Phil Venables on AI and security lessons from 2025 – and what’s ahead

As the year wraps, we sat down with our Venture Partner Phil Venables to get his perspective on the biggest shifts in cybersecurity and what’s coming next. Here are the key themes that stood out.

Big Lessons from 2025

1. Targets of opportunity are rising

More organizations, across every size and sector, are being targeted by attacks. Hand in hand with that, more targets of opportunity are being compromised. Phil’s takeaway? Baseline security has to improve everywhere. Stronger authentication, more relentless but targeted and prioritized patching, network segmentation for blast radius reduction, and better configuration hygiene are no longer optional. 

Phil emphasized that economics matters for all organizations. That’s why we’ve backed companies focused on accessible, high-impact protection, including Mimic as a last line of defense against ransomware; Reach to help teams get full value from the tools they already have; Root Evidence to pinpoint and fix the most important vulnerabilities; and Zip Security to bring security fundamentals to small businesses, given there are a vast number of small to medium sized businesses that need better defense. 

This also extends to application and data-layer risk, where companies like ArmorCode help organizations manage and prioritize application security risk, Oligo reduces the attack surface created by unnecessary and vulnerable open-source components, Gomboc enforces least-privilege cloud configurations by default, and Concentric AI helps teams understand and protect their most sensitive data wherever it lives.

2. Securing AI is becoming a core discipline

Organizations adopted AI at breakneck speed this year. As a result, security teams have been racing to ensure that deployment is secure and in compliance with appropriate rules and regulations. We’re seeing strong momentum across areas like agent identity, posture management, and AI governance, driven by companies such as Aembit, Noma, Nudge Security, and WitnessAI.

3. AI for security is accelerating fast

At the same time, organizations are taking advantage of AI to improve their security outcomes and maximize efficiency. This is where we’ve seen growing demand for solutions from companies that are driving automation in intelligence, software security, operations and real-time prevention, ranging from Hypernative’s protection of decentralized systems to Perygee’s approach to securing AI-driven workflows.

4. Incident detection, response, and recovery are now board-level concerns

As attacks scale and automation benefits both defenders and adversaries, the ability to rapidly detect, contain, and respond to incidents has become just as critical as prevention.

Phil emphasized that security teams need better signals, faster decision-making, and clearer coordination during incidents. This is where companies like AuthMind help detect identity-based threats in real time, SpecterOps brings deep adversary insight to expose hidden attack paths, and BreachRx helps organizations operationalize incident response, connecting technical actions with legal, communications, and regulatory requirements when it matters most.

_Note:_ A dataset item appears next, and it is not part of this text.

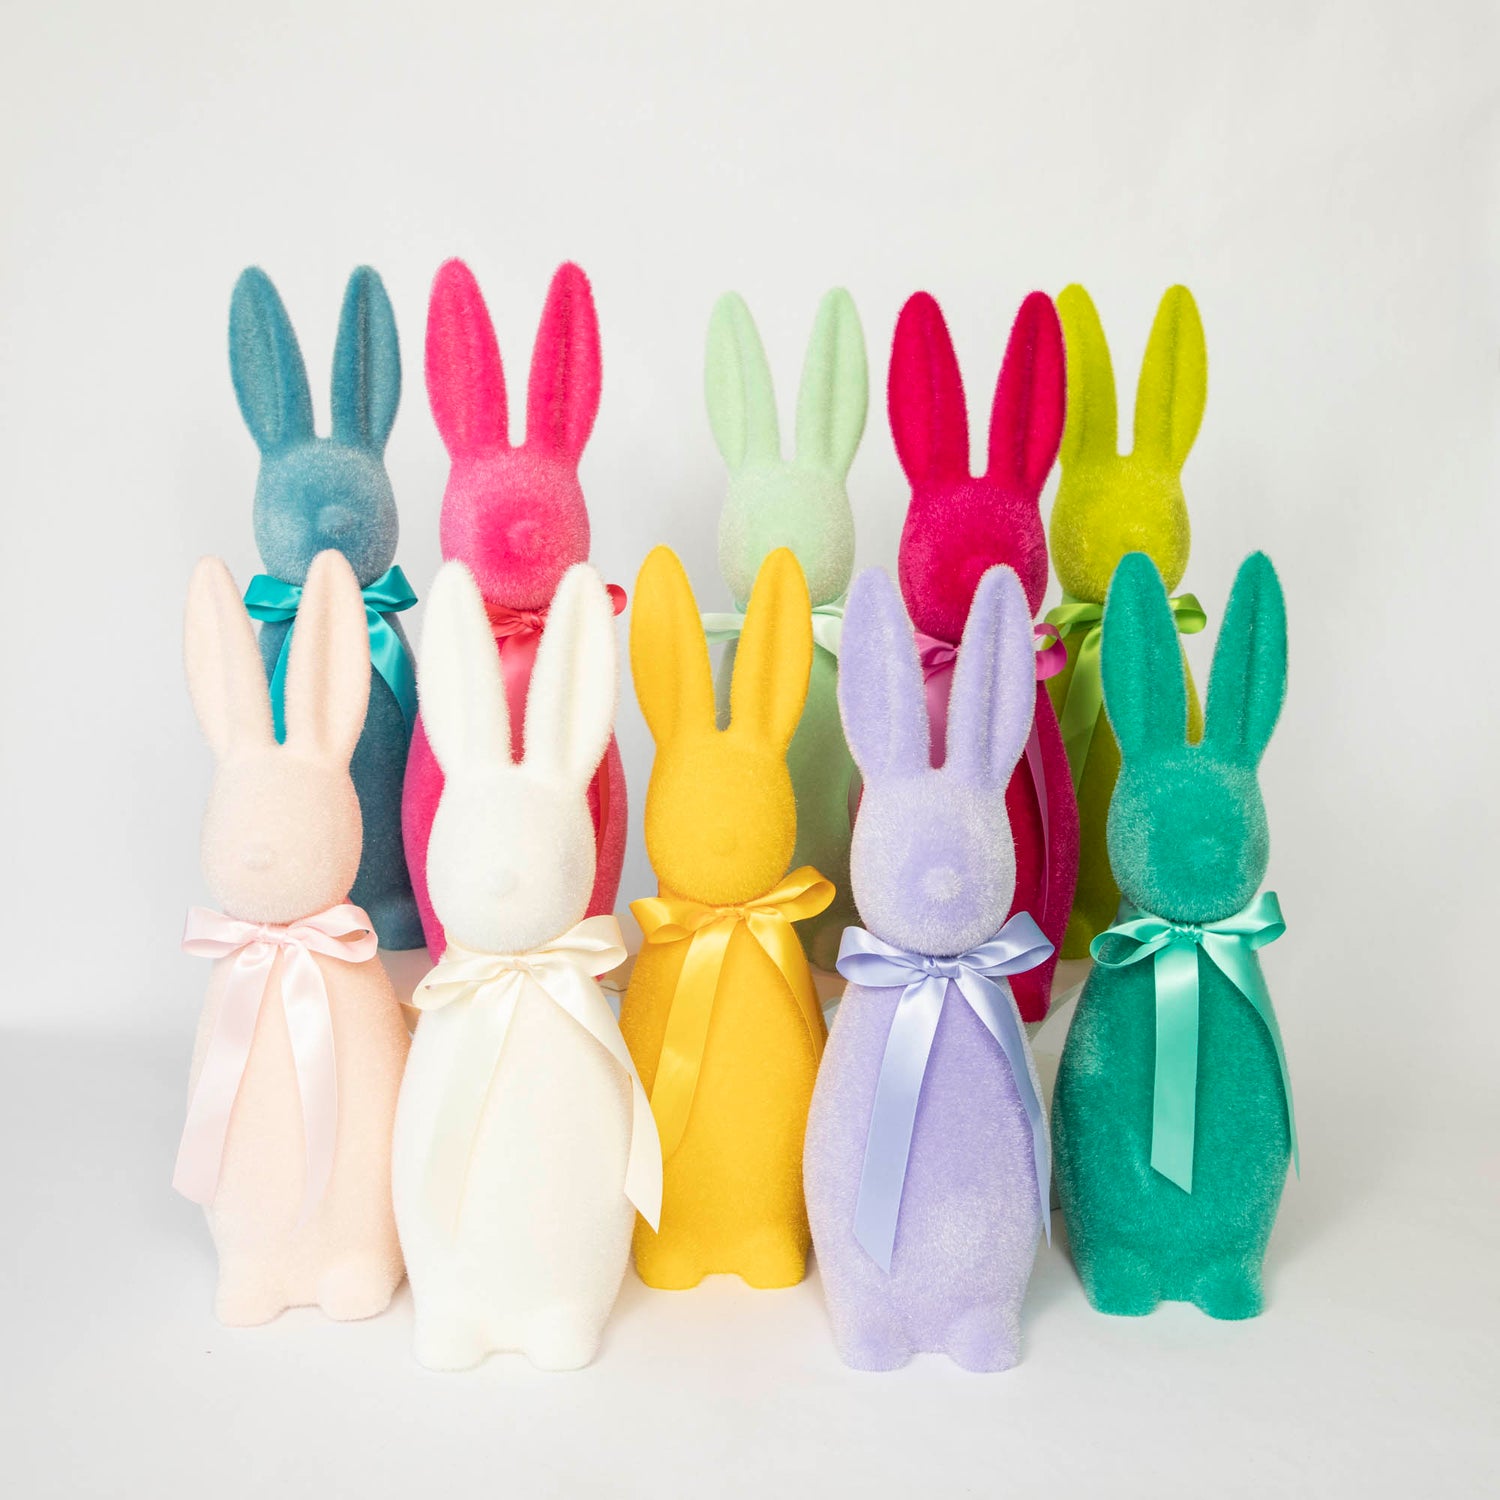 A group of Glitterville Medium Flocked Button Nose Bunny rabbits, perfect for an Easter celebration and as a special gift.

Looking ahead: What to expect next year

Phil highlighted two major shifts on the horizon:

1. More AI for security speed is key

While more AI is expected, Phil suggested we should look for even more AI for security around vulnerability identification and remediation, as well as making previously expensive and specialized services (like red teaming) available for more organizations through AI-driven automation. Using AI to increase the verifiability and predictability of our defenses, at scale and speed, will become table stakes. 

2. More security for AI security and safety by design 

While expecting rapid growth in AI-powered security capabilities, Phil noted we should also look for a coalescence of security for AI, particularly with compliance, reliability, validation, testing, and agentic control planes. The CISO will continue their steady transformation to become Chief Digital Risk Officer. 

Two macro trends that will shape everything

Finally, Phil pointed to two forces that he says we will all have to deal with:

1. A wall of vulnerabilities
More software. More density of flaws. More discovered vulnerabilities. Phil says that this coupled with attacker use of AI industrializing their means of exploiting and monetizing this means security teams will start to feel that pressure even more. 

2. A global search for authenticity
As synthetic content and identities proliferate, verification of people, content, software, and brands becomes foundational. This is where companies like Alethea responding to brand and wider intelligence, and GetReal for deep fake detection, are leading the charge.

The next chapter of security will be defined by scale, automation, and trust – and it’s arriving fast. The organizations that act now – by modernizing security fundamentals and embracing AI responsibly – will shape the future rather than react to it. And at Ballistic, we remain committed to backing the best entrepreneurs and technologies tackling today’s challenges and those still ahead.